Your copy of the listing should match it exactly, only without pictures.

**Data extract**
* * * *

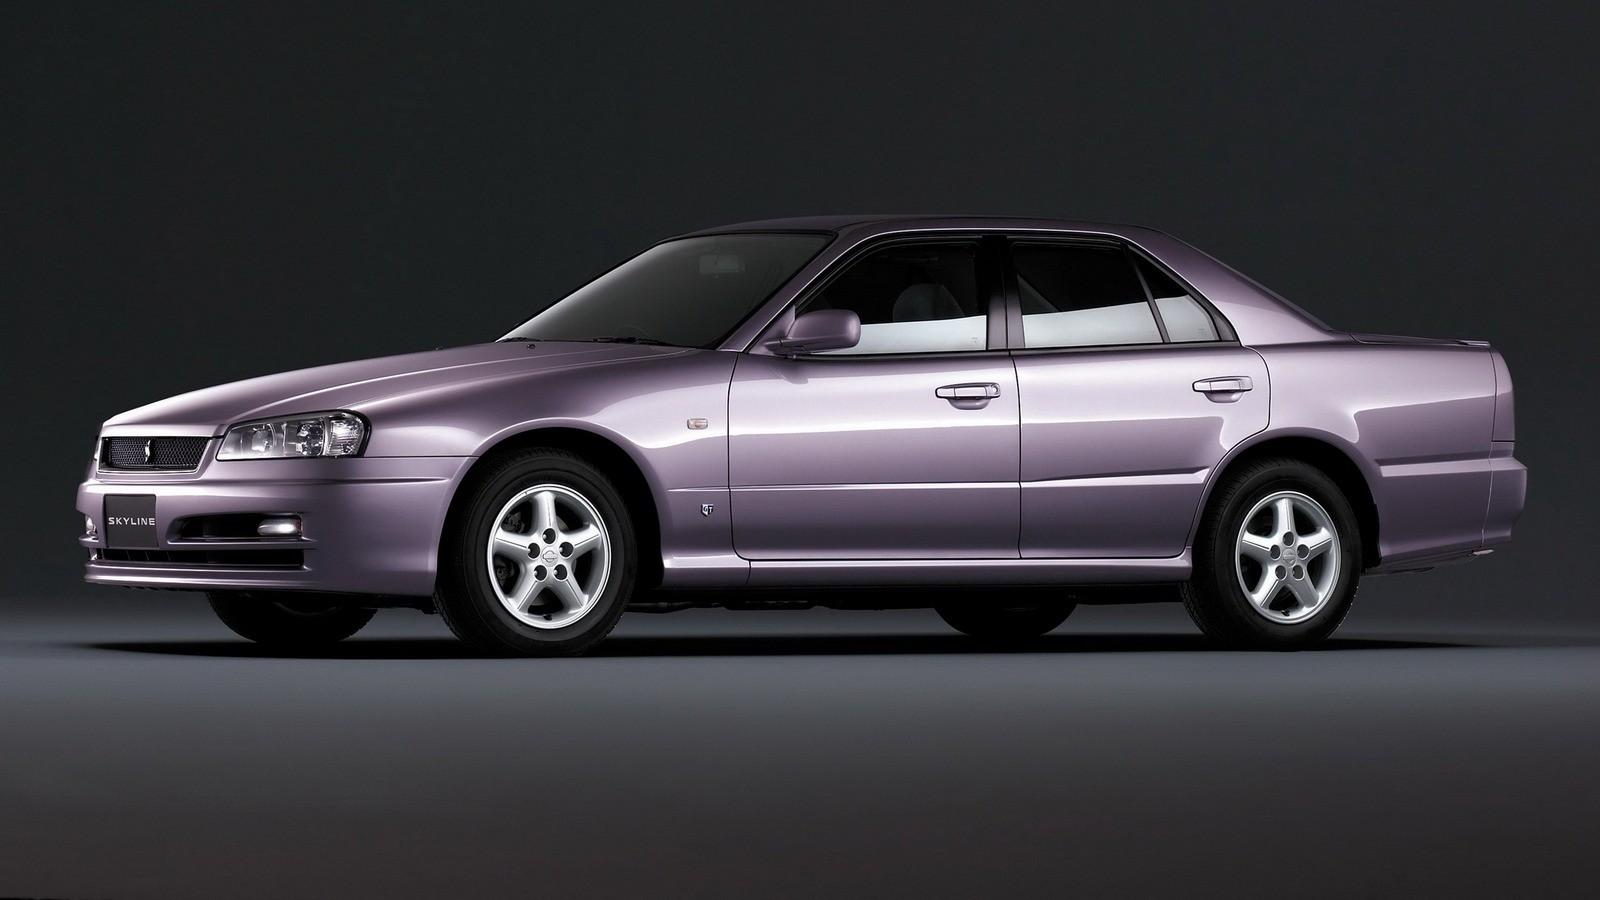 Nissan Skyline 25GT-X Turbo Sedan (R34) '05.1998–08.2000 сзади
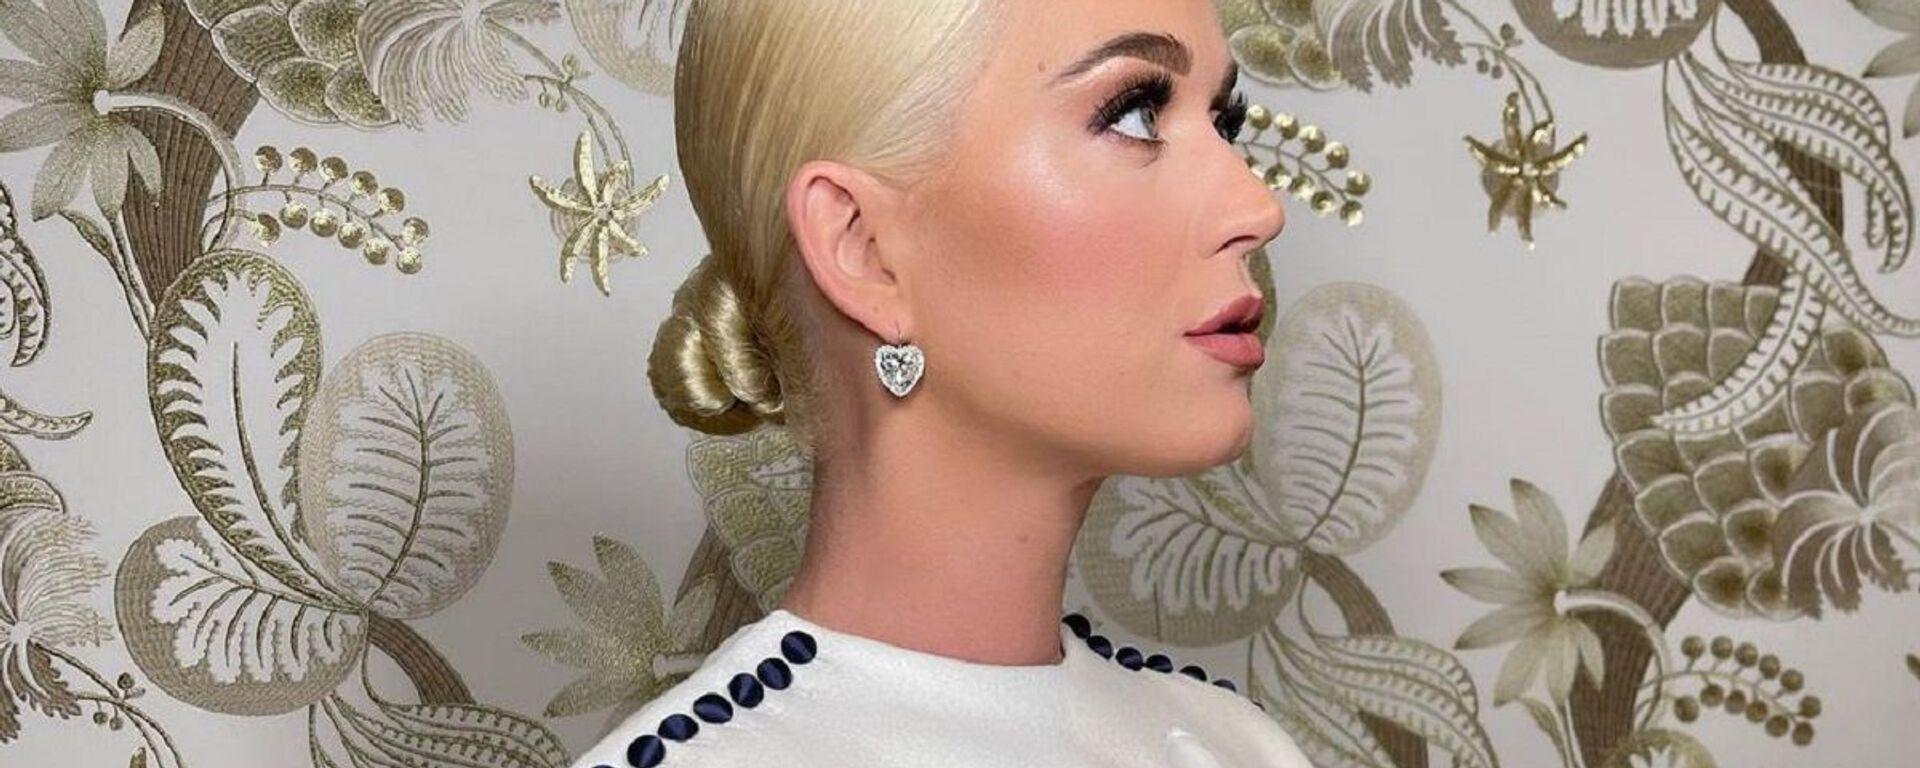 Katy Perry, cantante estadounidense - Sputnik Mundo, 1920, 21.01.2021
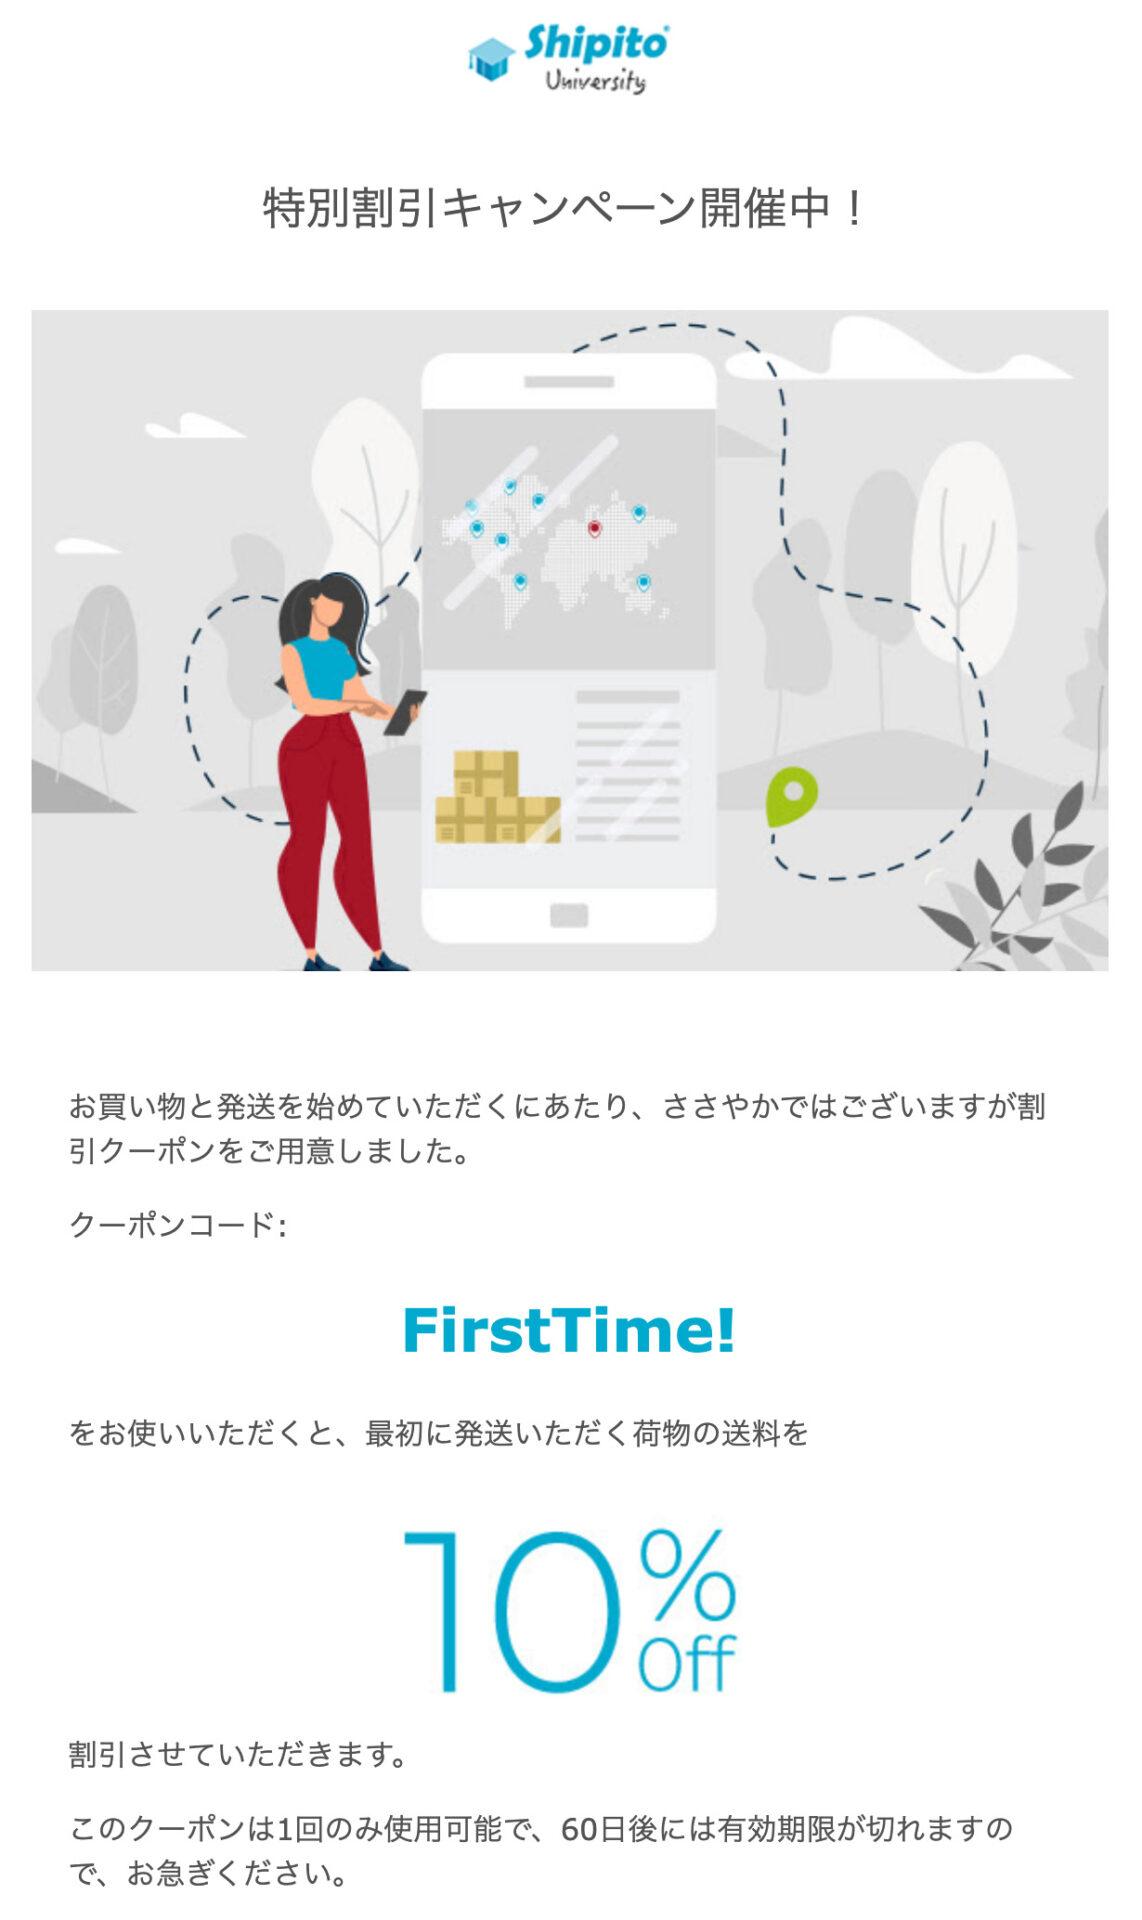 Shipitoの初回10%割引クーポンコード FirstTime!

* * * *

**Answer area**
 Nissan Skyline 25GT-X Turbo Sedan (R34) '05.1998–08.2000 сзади
 Katy Perry, cantante estadounidense - Sputnik Mundo, 1920, 21.01.2021
 Shipitoの初回10%割引クーポンコード FirstTime!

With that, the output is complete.